── DATA BLOCK ──

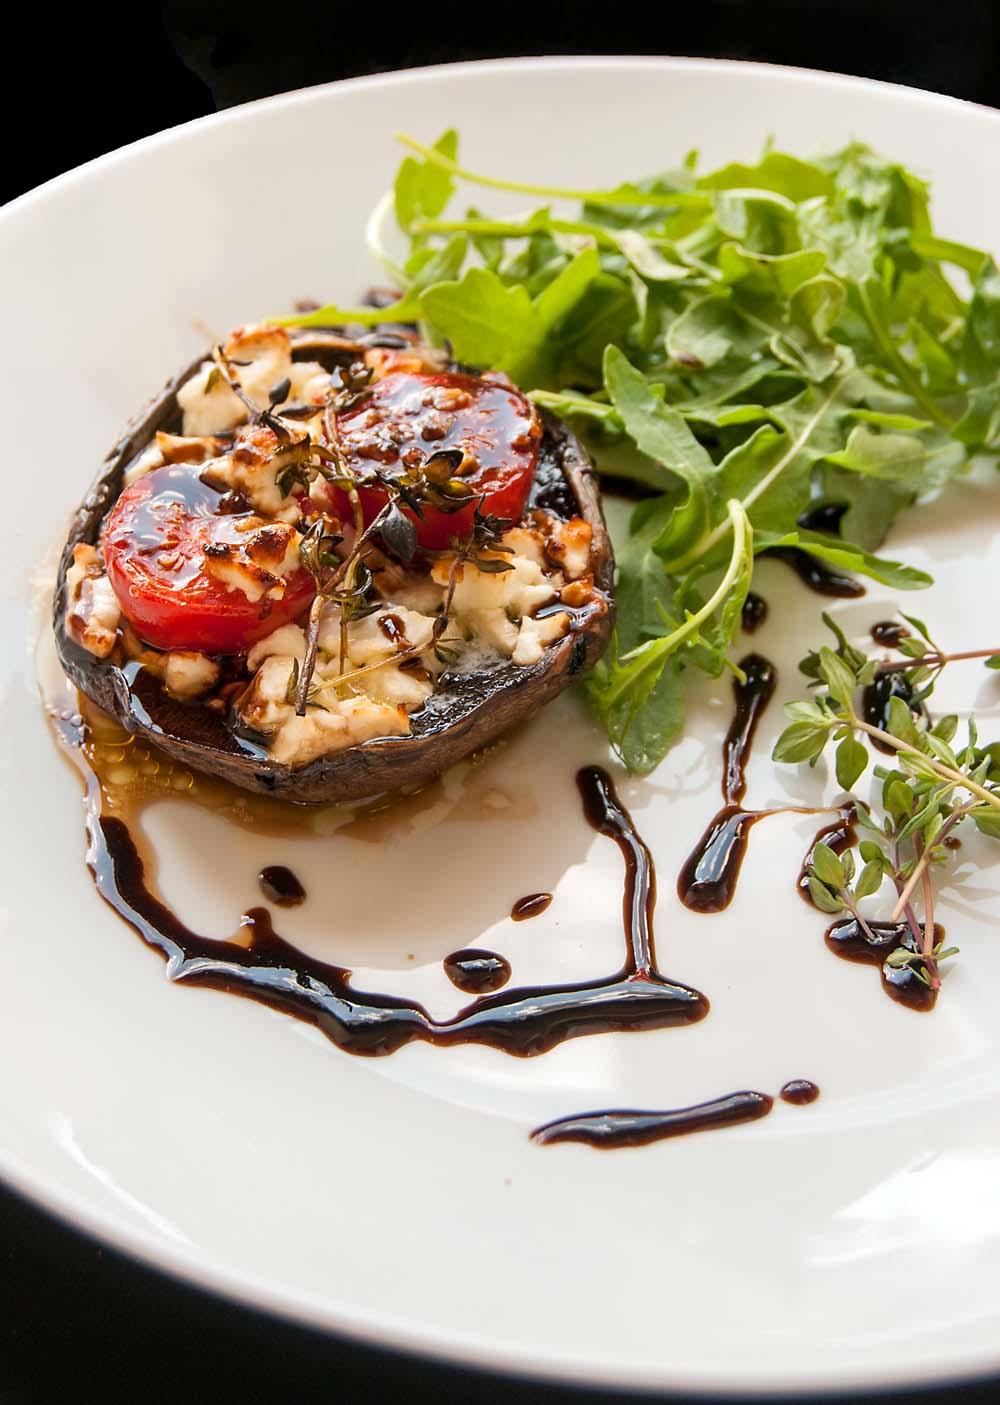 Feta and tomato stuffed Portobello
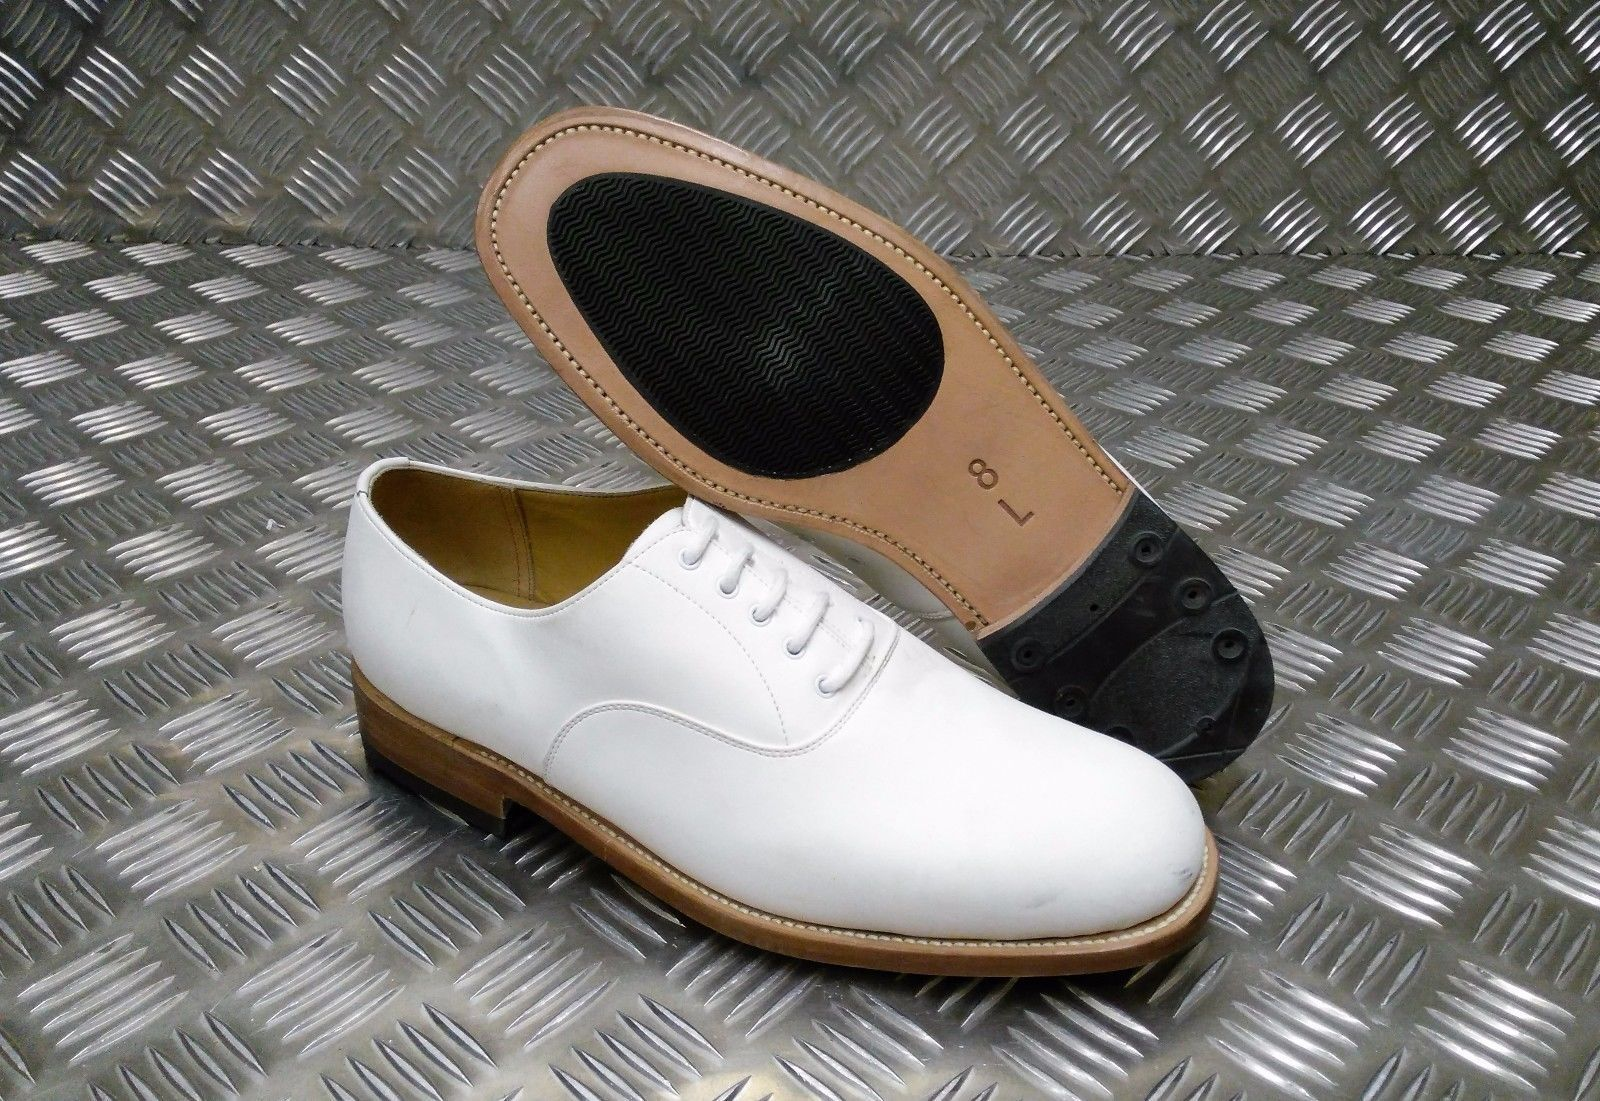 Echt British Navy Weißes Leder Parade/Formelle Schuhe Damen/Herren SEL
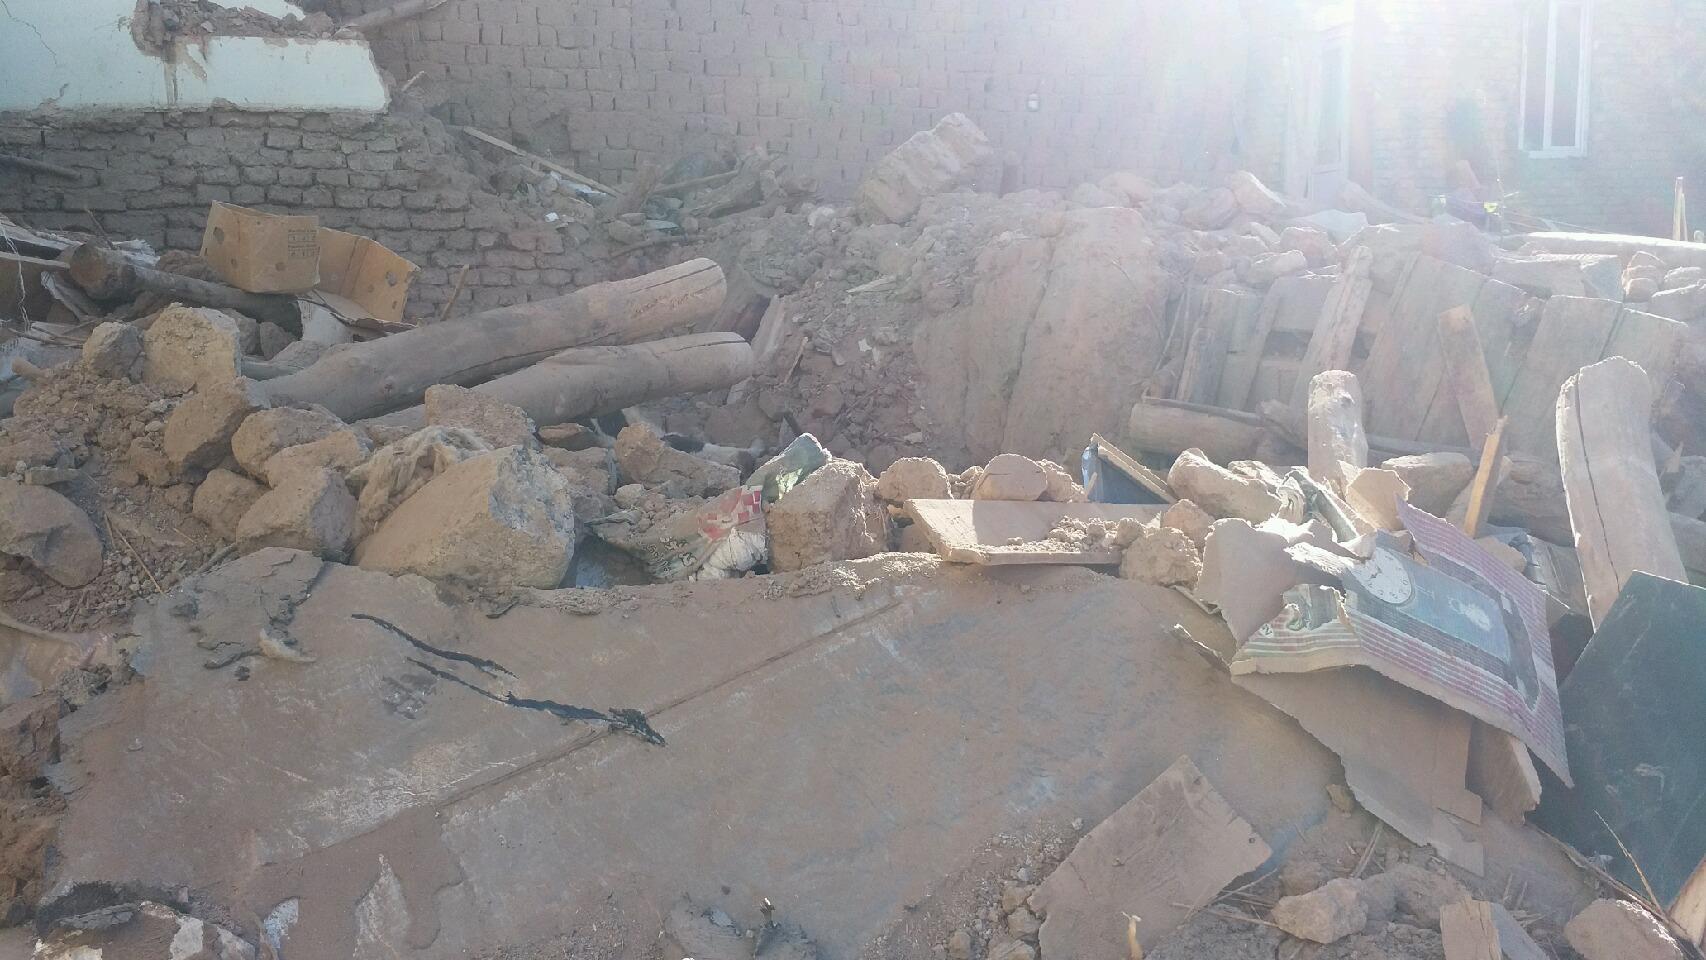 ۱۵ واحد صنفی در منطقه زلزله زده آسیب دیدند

───

→ DIRECTIONS FOR THIS TASK
Word for word, print all of the data; skip the pictures.

→ ANSWER BOX
 Feta and tomato stuffed Portobello
 Echt British Navy Weißes Leder Parade/Formelle Schuhe Damen/Herren SEL
 ۱۵ واحد صنفی در منطقه زلزله زده آسیب دیدند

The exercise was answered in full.